▶ Data
=== Section Start ===
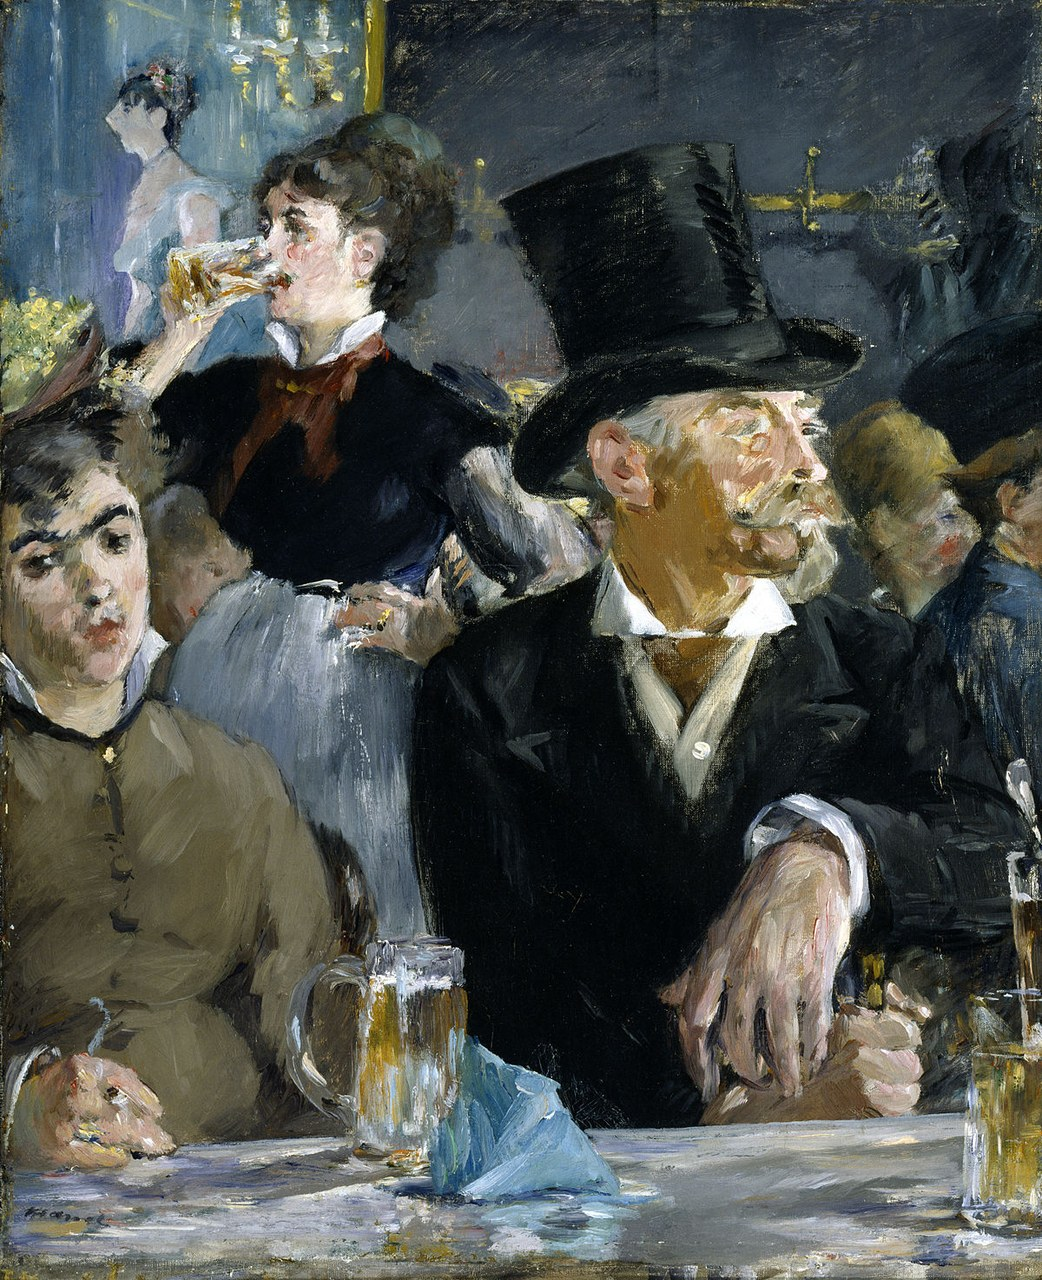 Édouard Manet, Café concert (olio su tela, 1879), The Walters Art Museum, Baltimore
=== Section End ===
=== Section Start ===
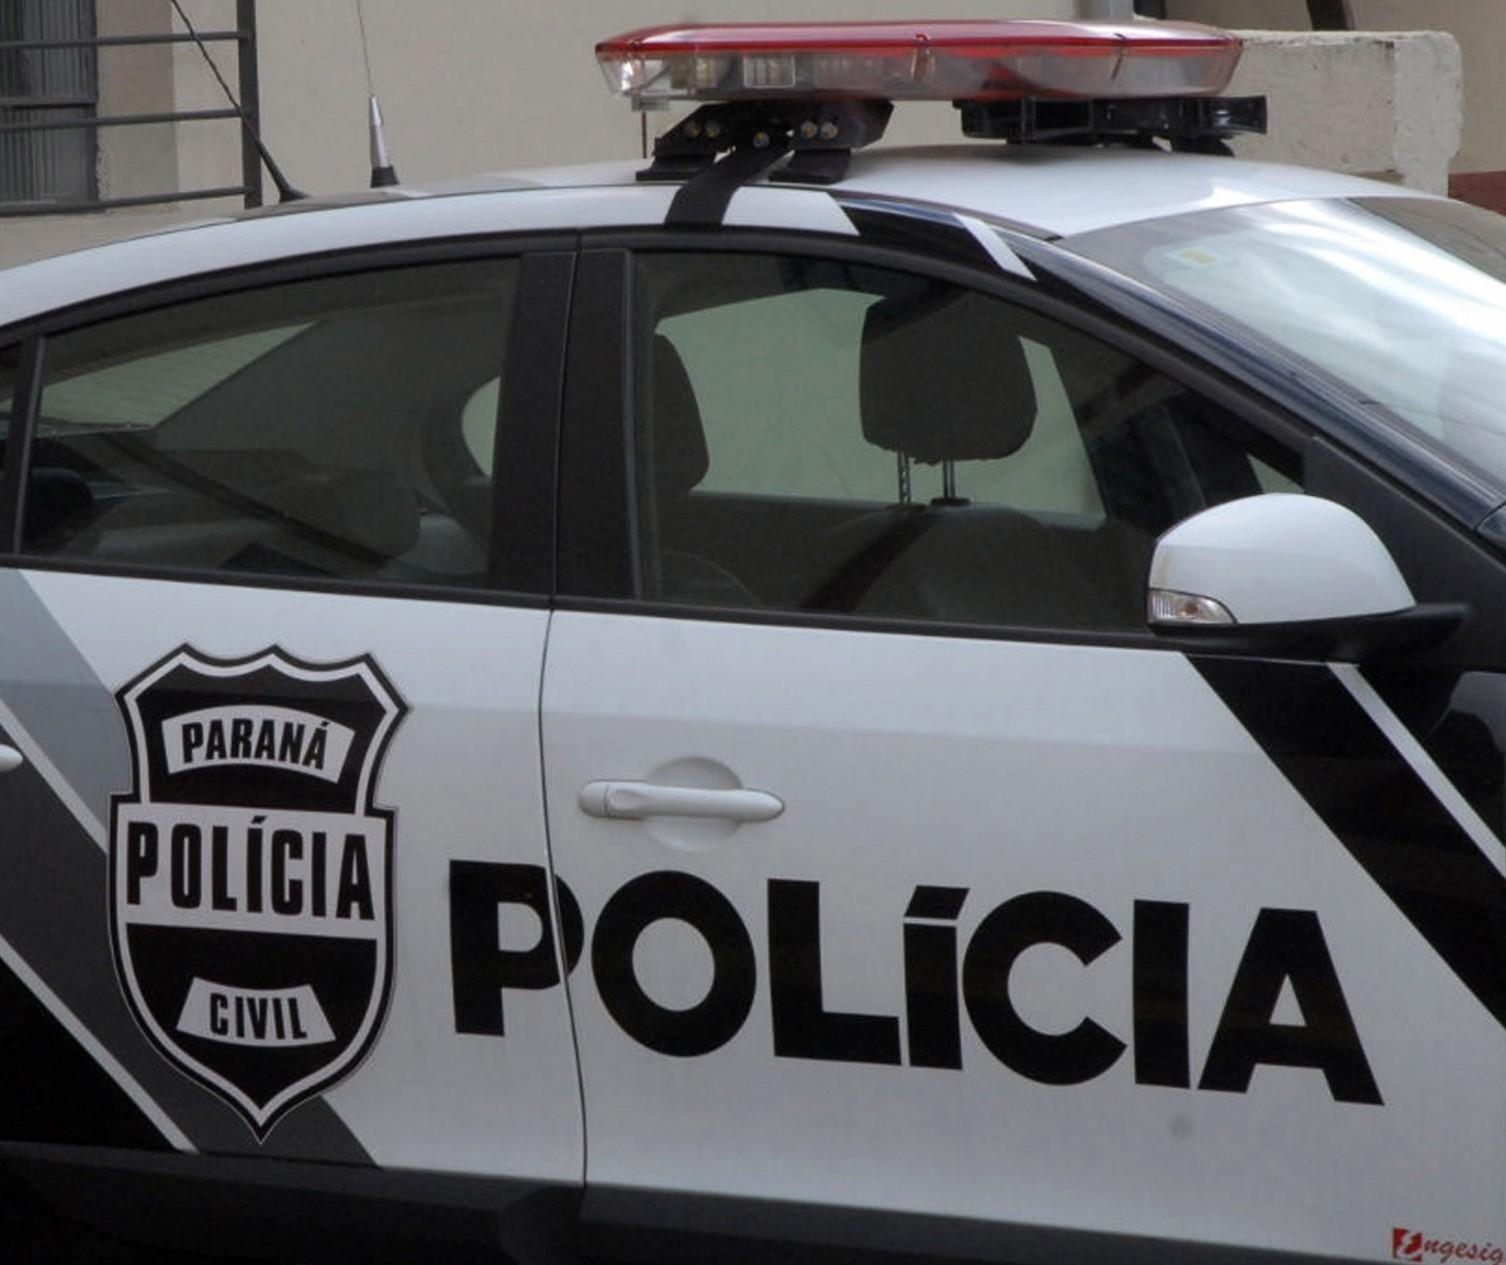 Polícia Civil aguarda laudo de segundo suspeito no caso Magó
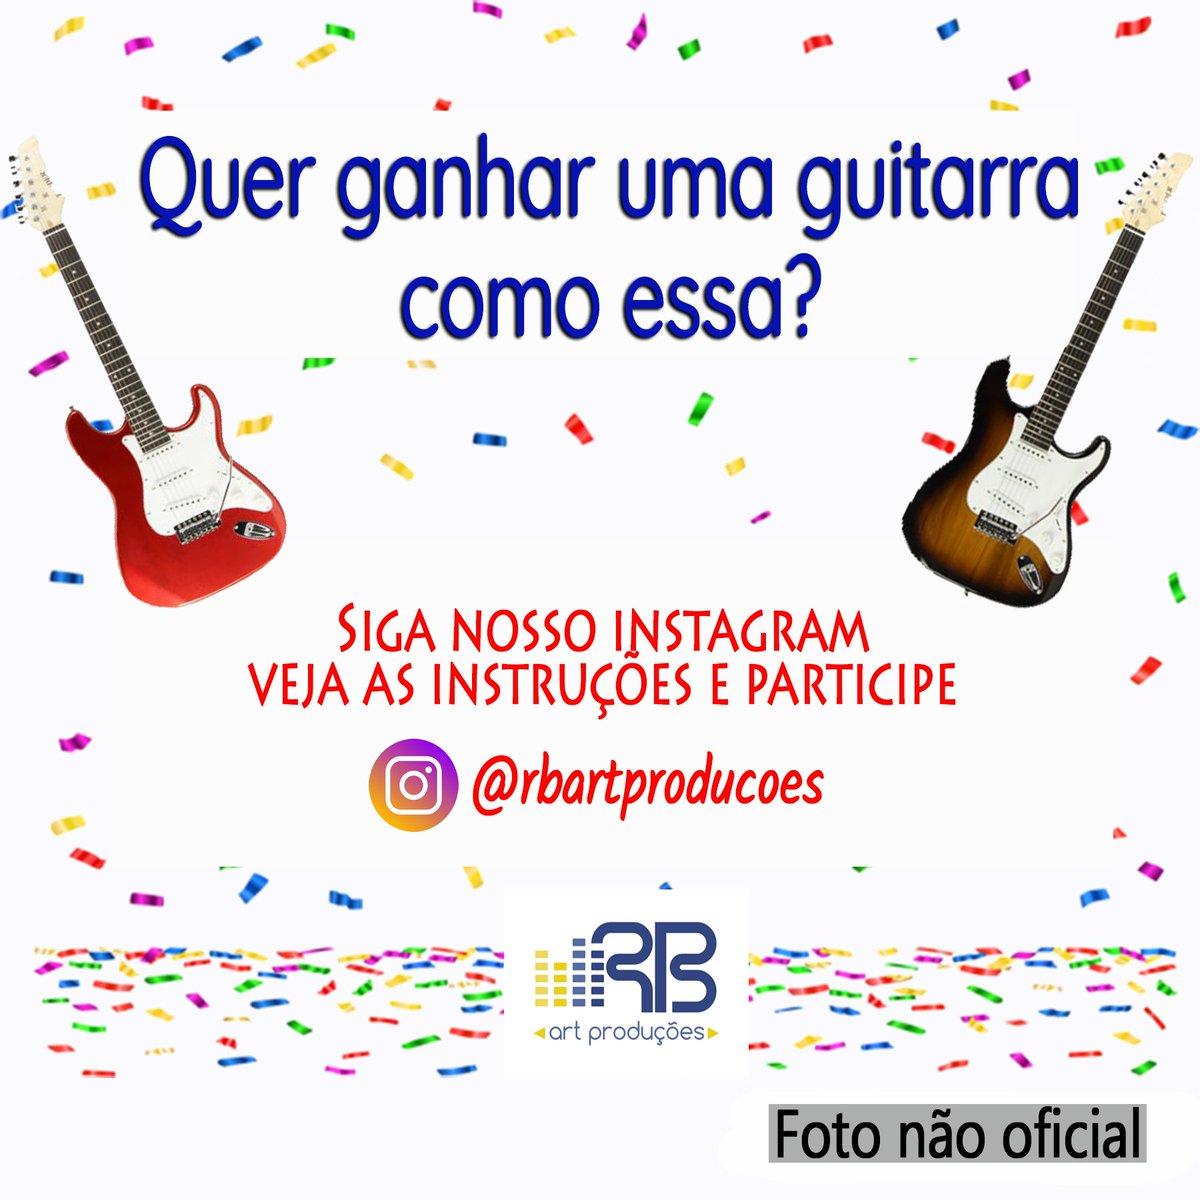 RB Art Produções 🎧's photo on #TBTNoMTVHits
=== Section End ===
▶ Requirement
The stretch to restate runs from the line above containing "Polícia Civil aguarda" through the line containing "RB Art Produções 🎧's photo on #TBTNoMTVHits". Copy it word for word, ends included, without pictures.

▶ Output for this task
 Polícia Civil aguarda laudo de segundo suspeito no caso Magó
 RB Art Produções 🎧's photo on #TBTNoMTVHits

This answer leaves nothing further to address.